Apart from the pictures, every line below needs to be reproduced verbatim.

Recorded data —
##############################

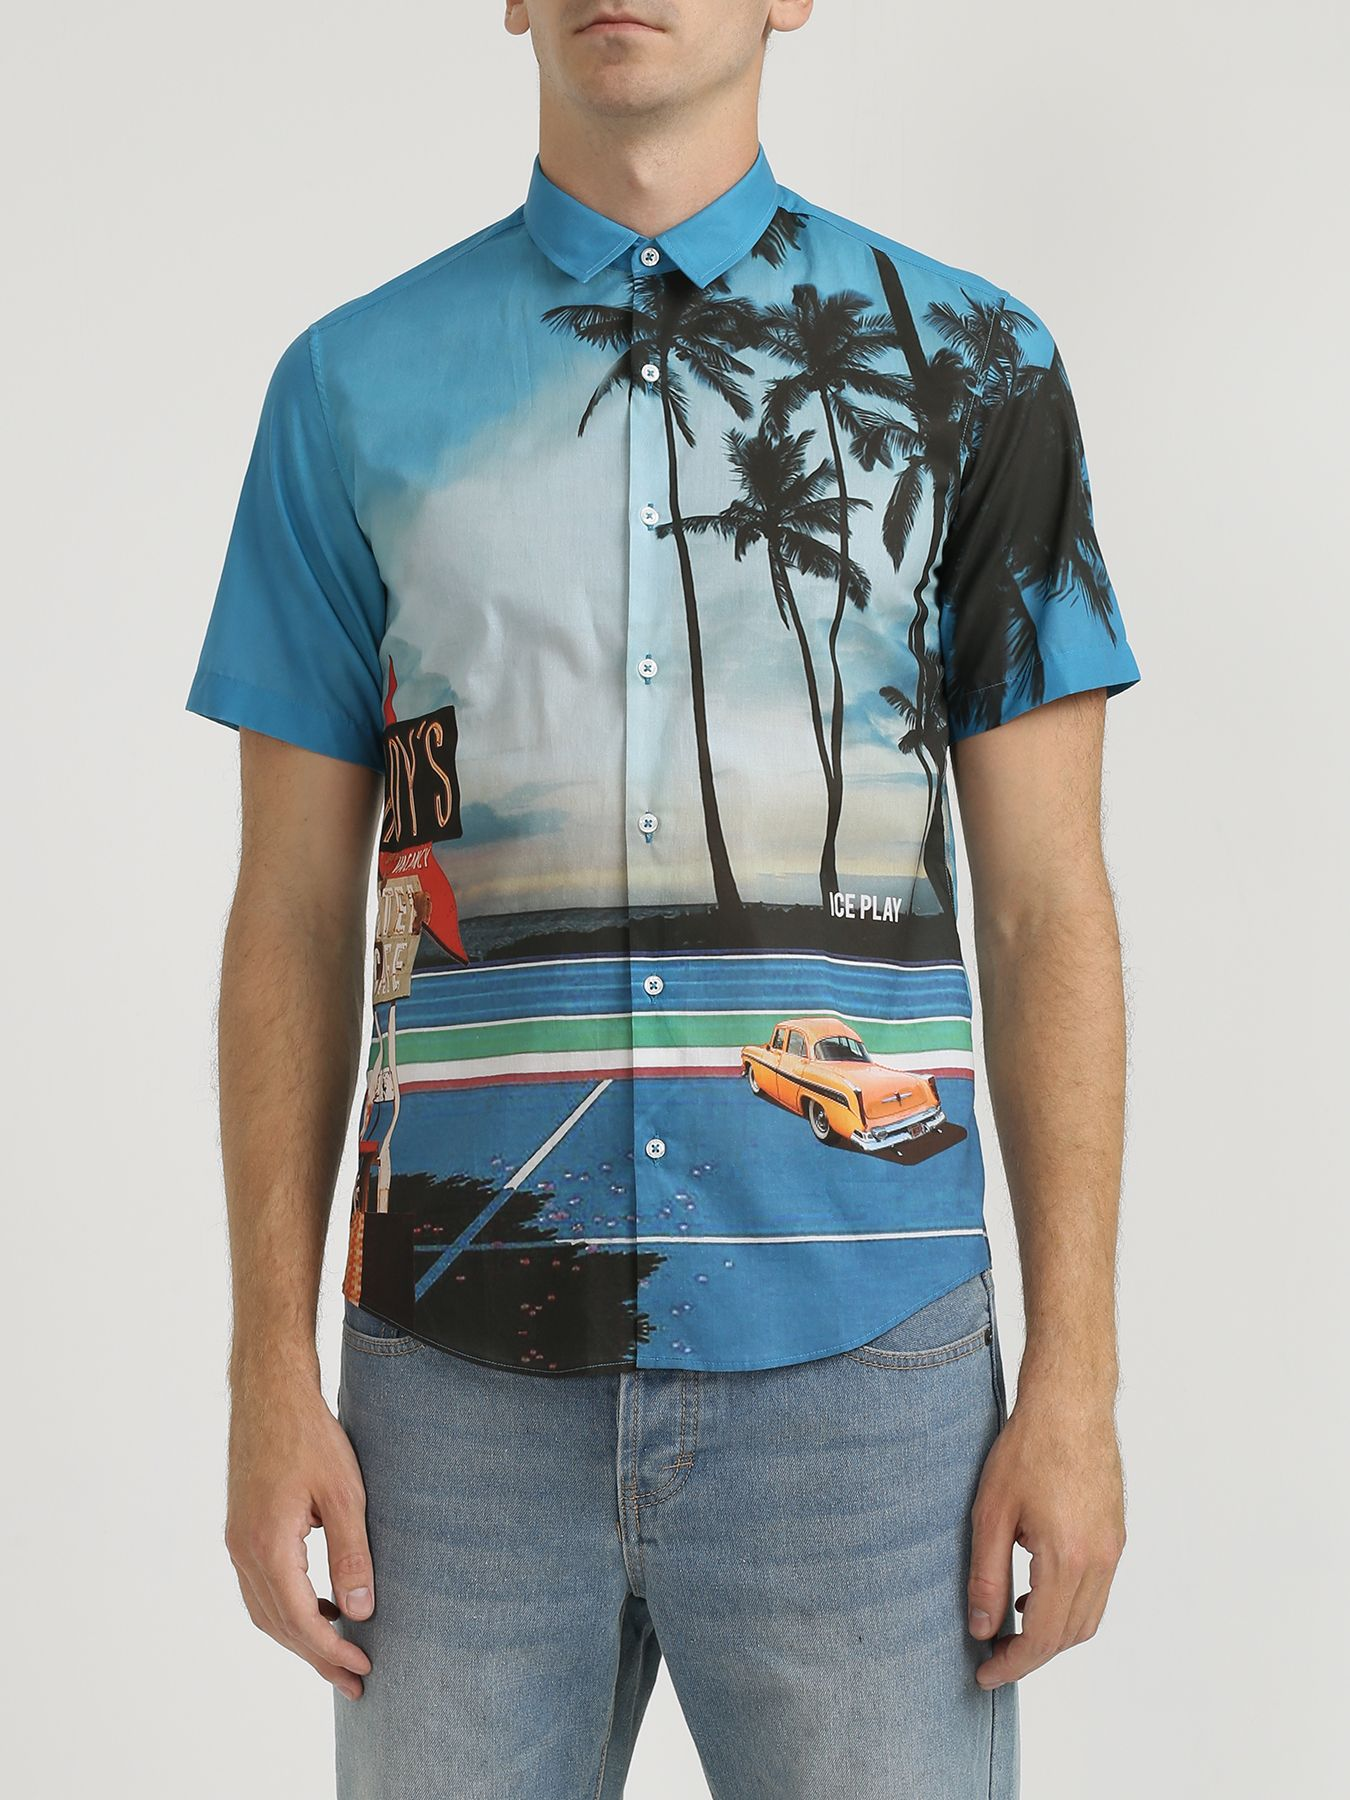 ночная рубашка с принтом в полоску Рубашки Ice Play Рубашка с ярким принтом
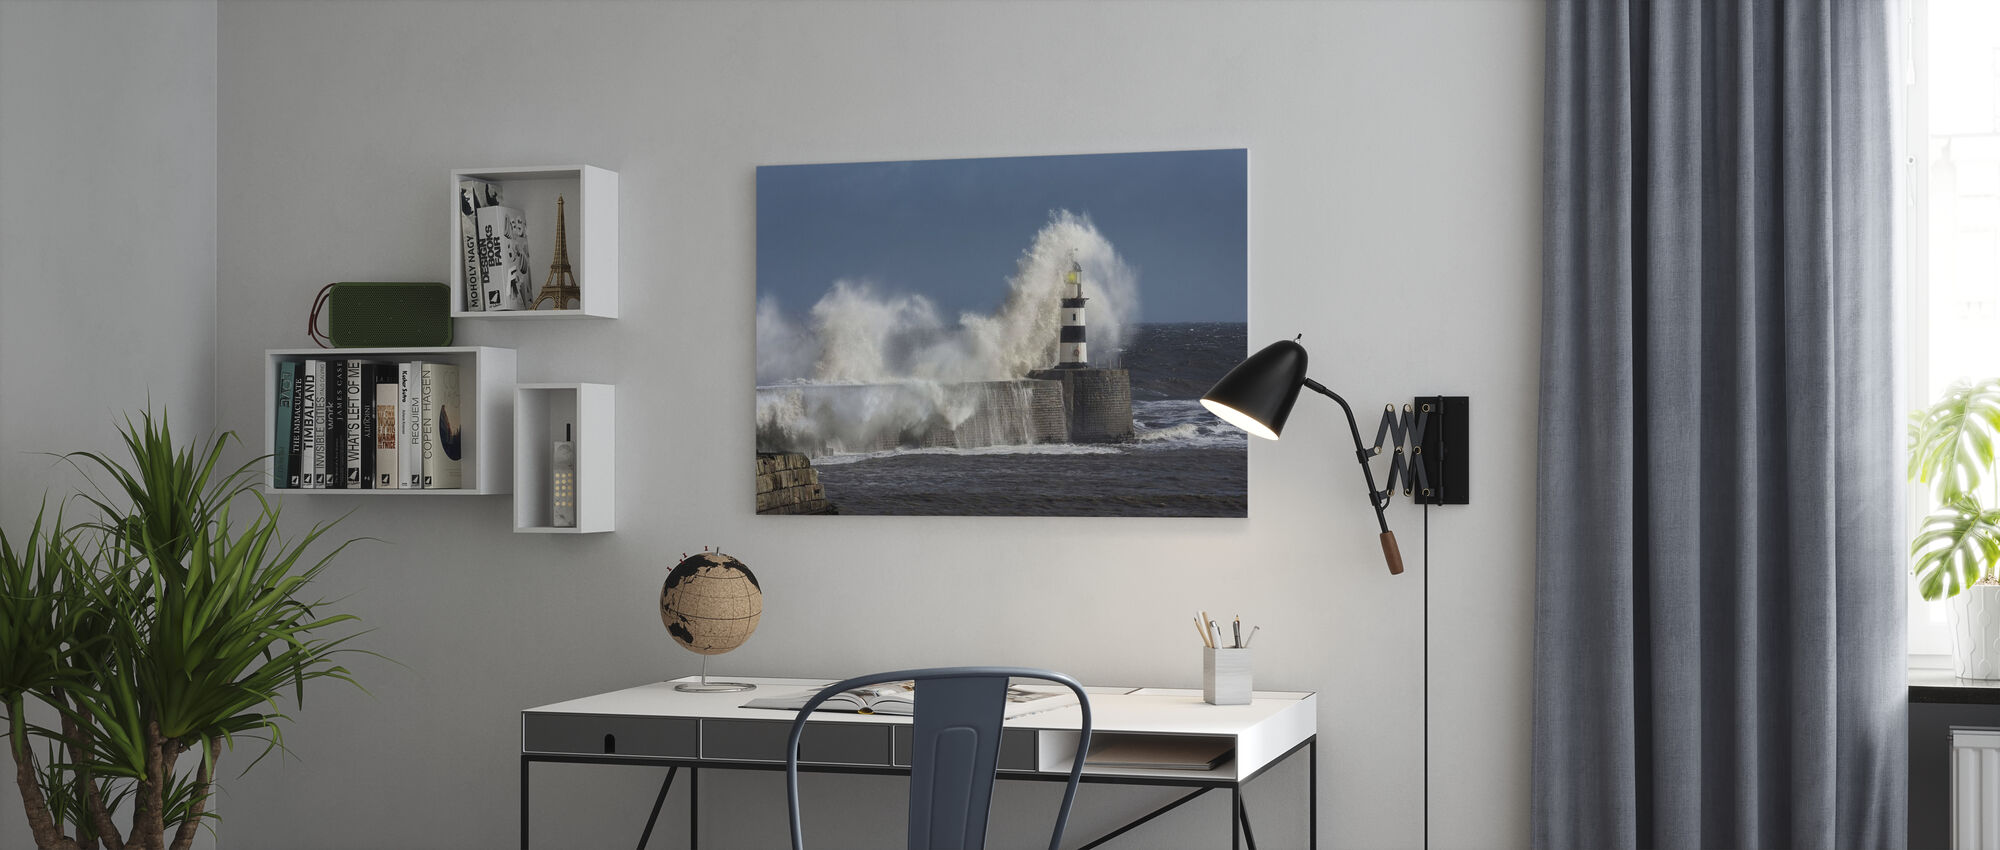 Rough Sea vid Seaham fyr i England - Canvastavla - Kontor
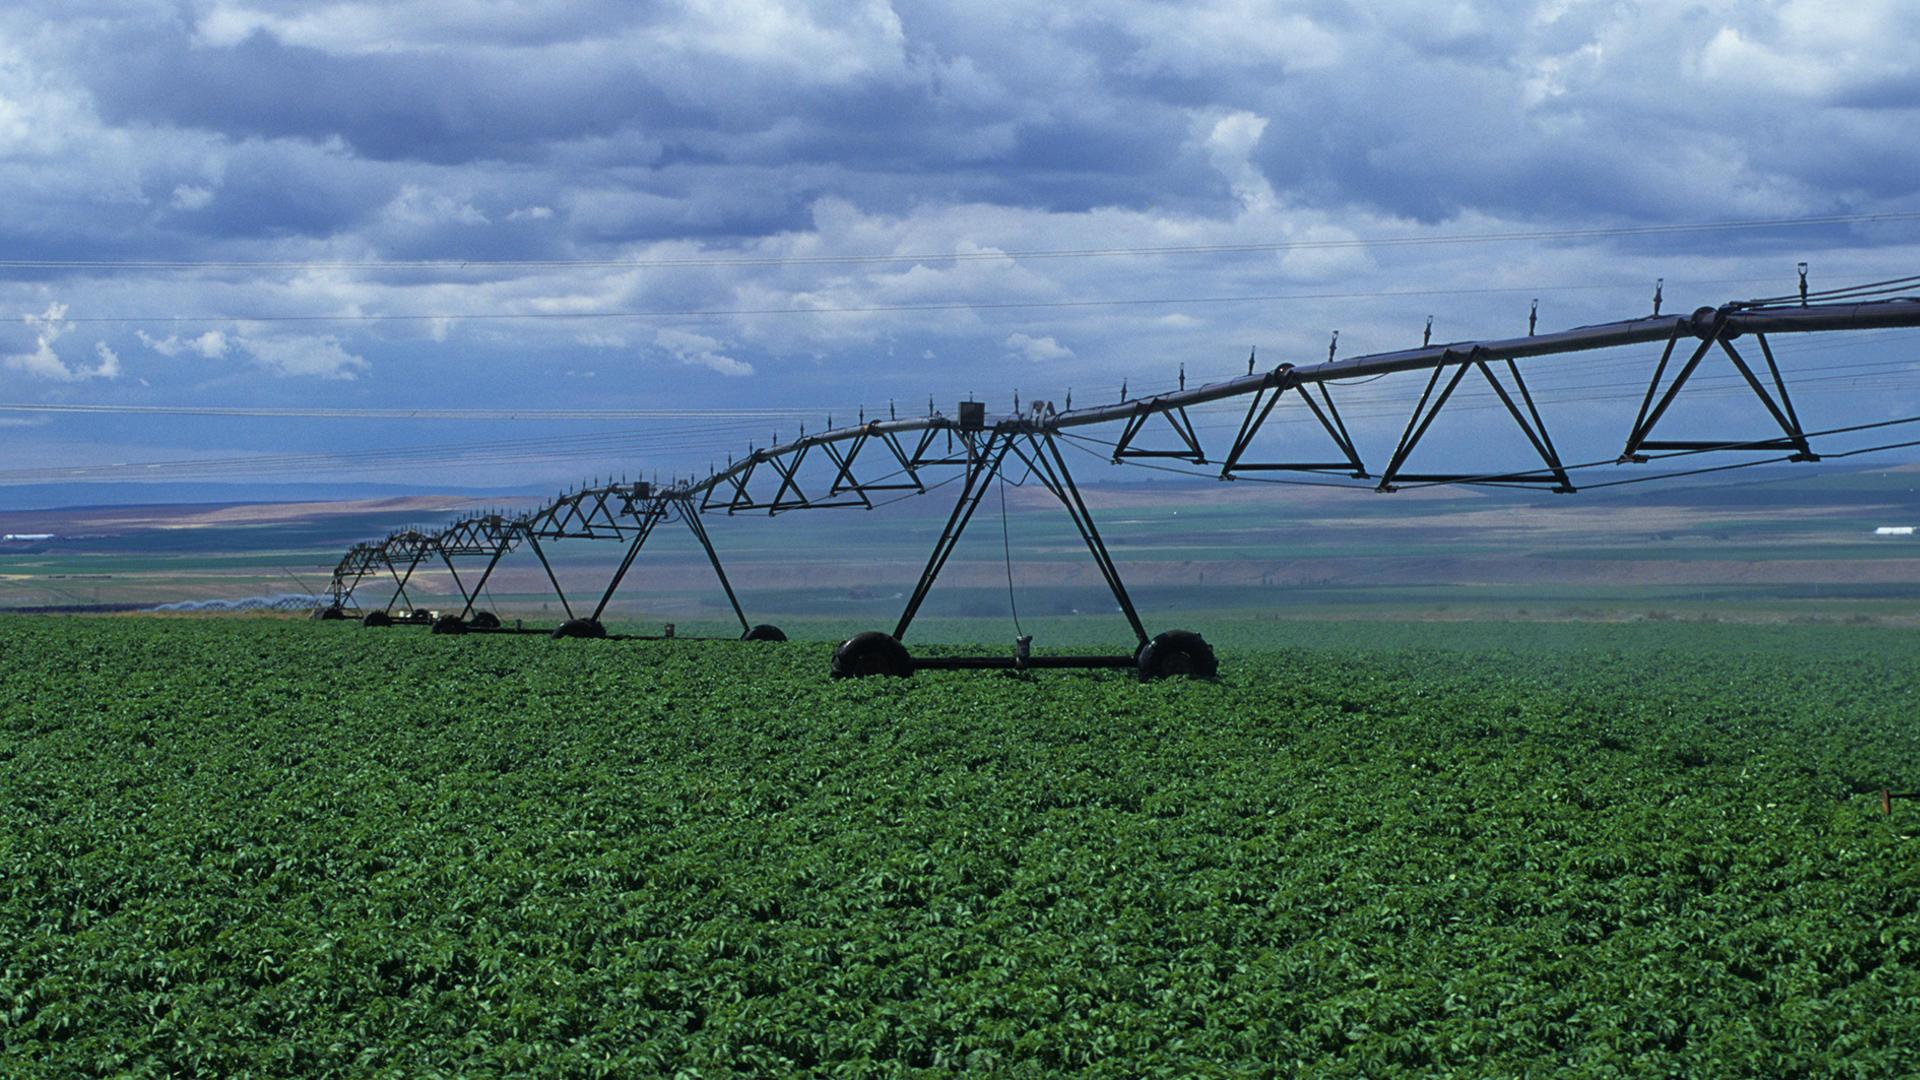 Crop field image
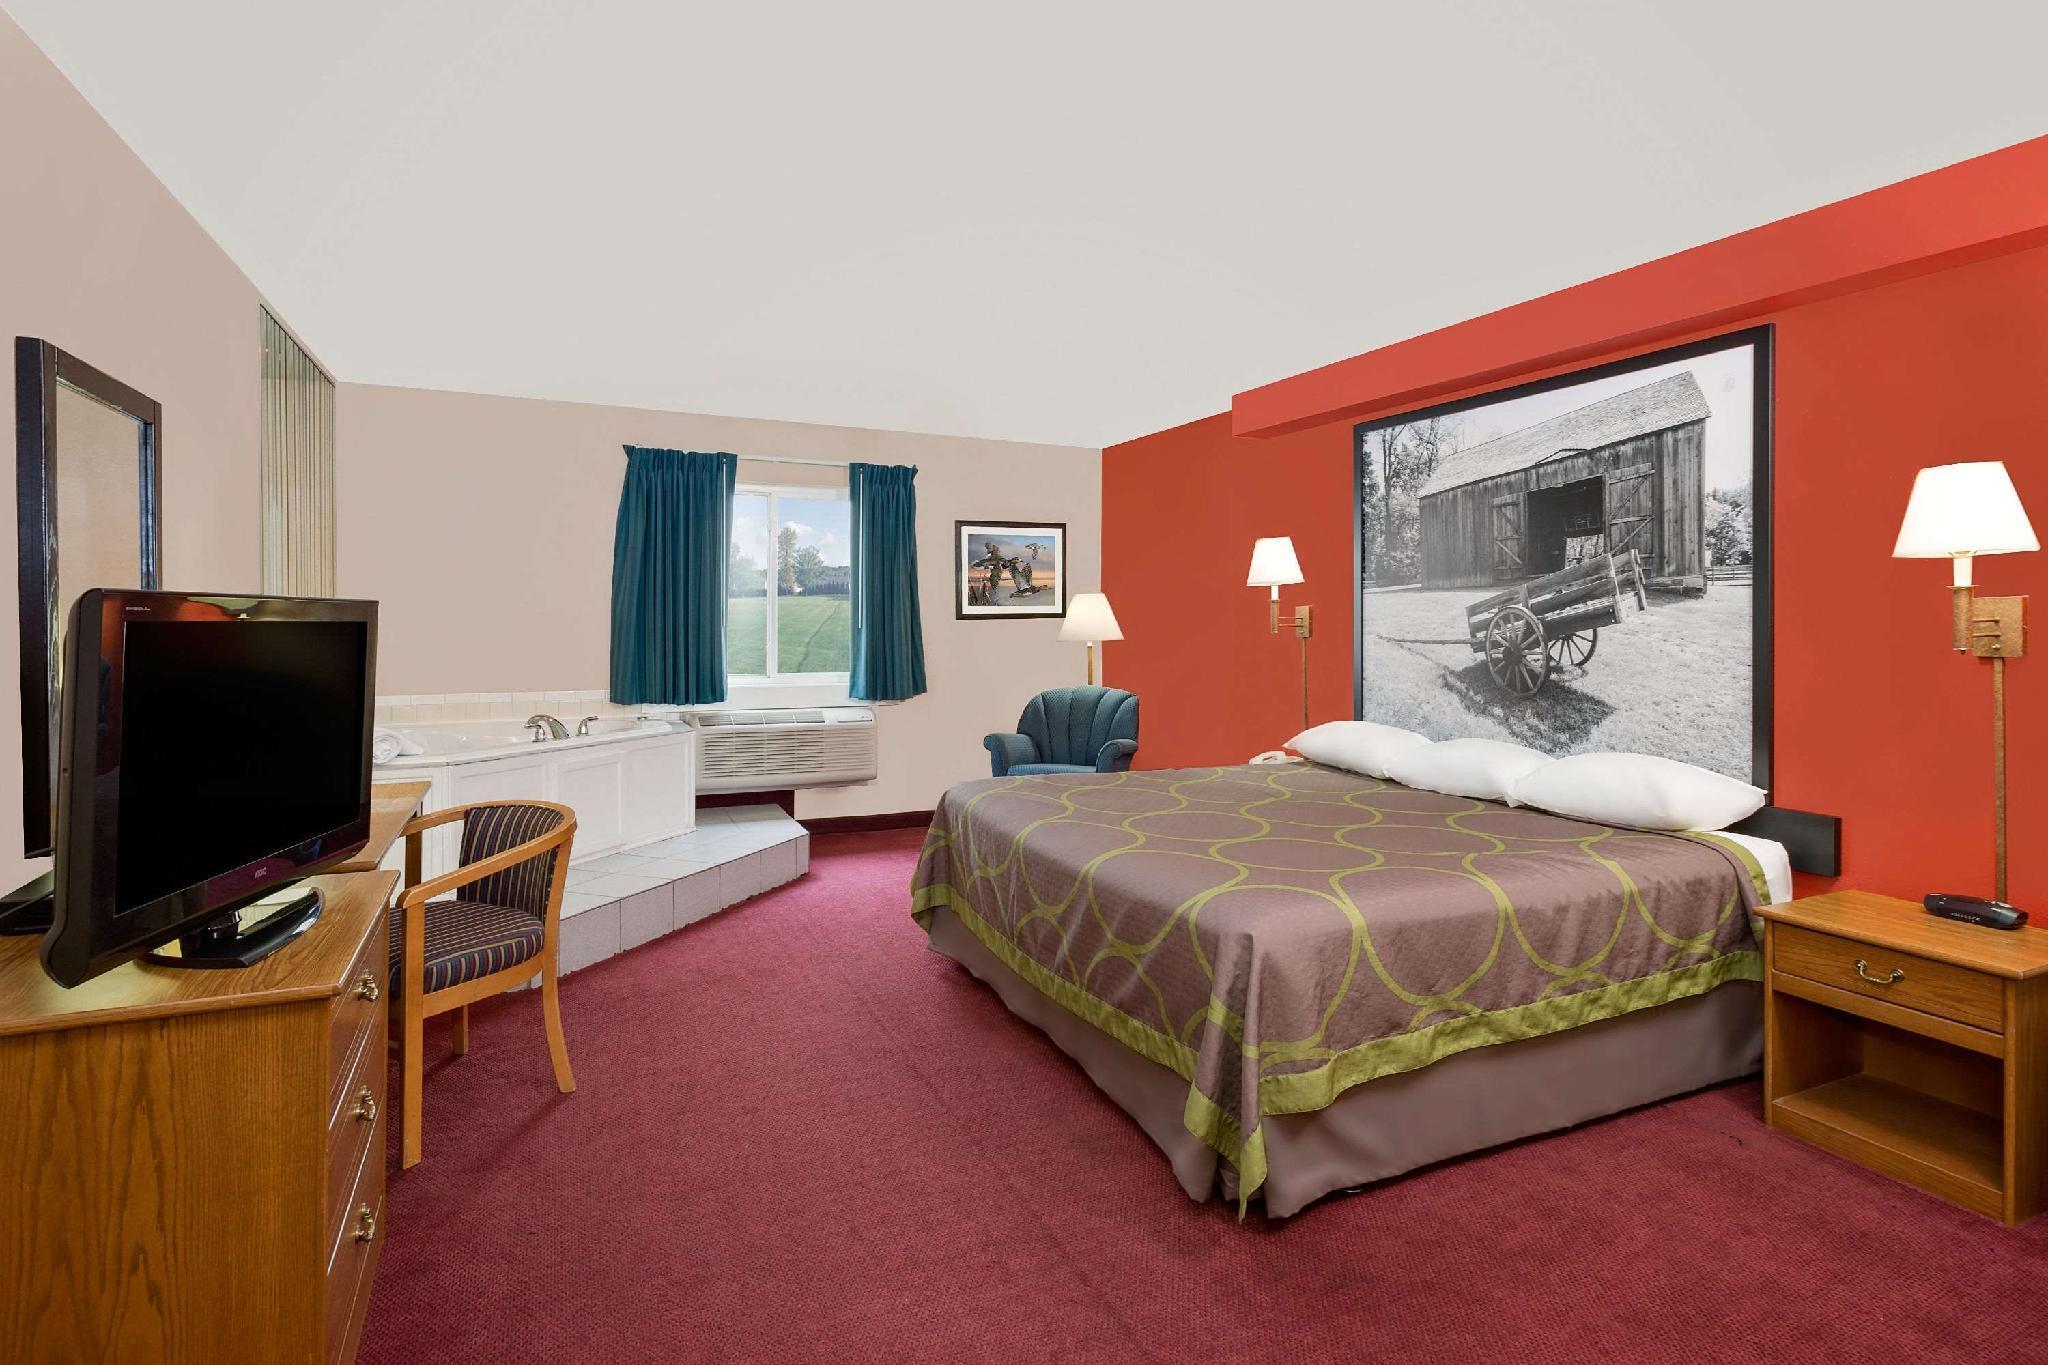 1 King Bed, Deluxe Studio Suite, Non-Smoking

##############################

Answer —
 ночная рубашка с принтом в полоску Рубашки Ice Play Рубашка с ярким принтом
 Rough Sea vid Seaham fyr i England - Canvastavla - Kontor
 Crop field image
 1 King Bed, Deluxe Studio Suite, Non-Smoking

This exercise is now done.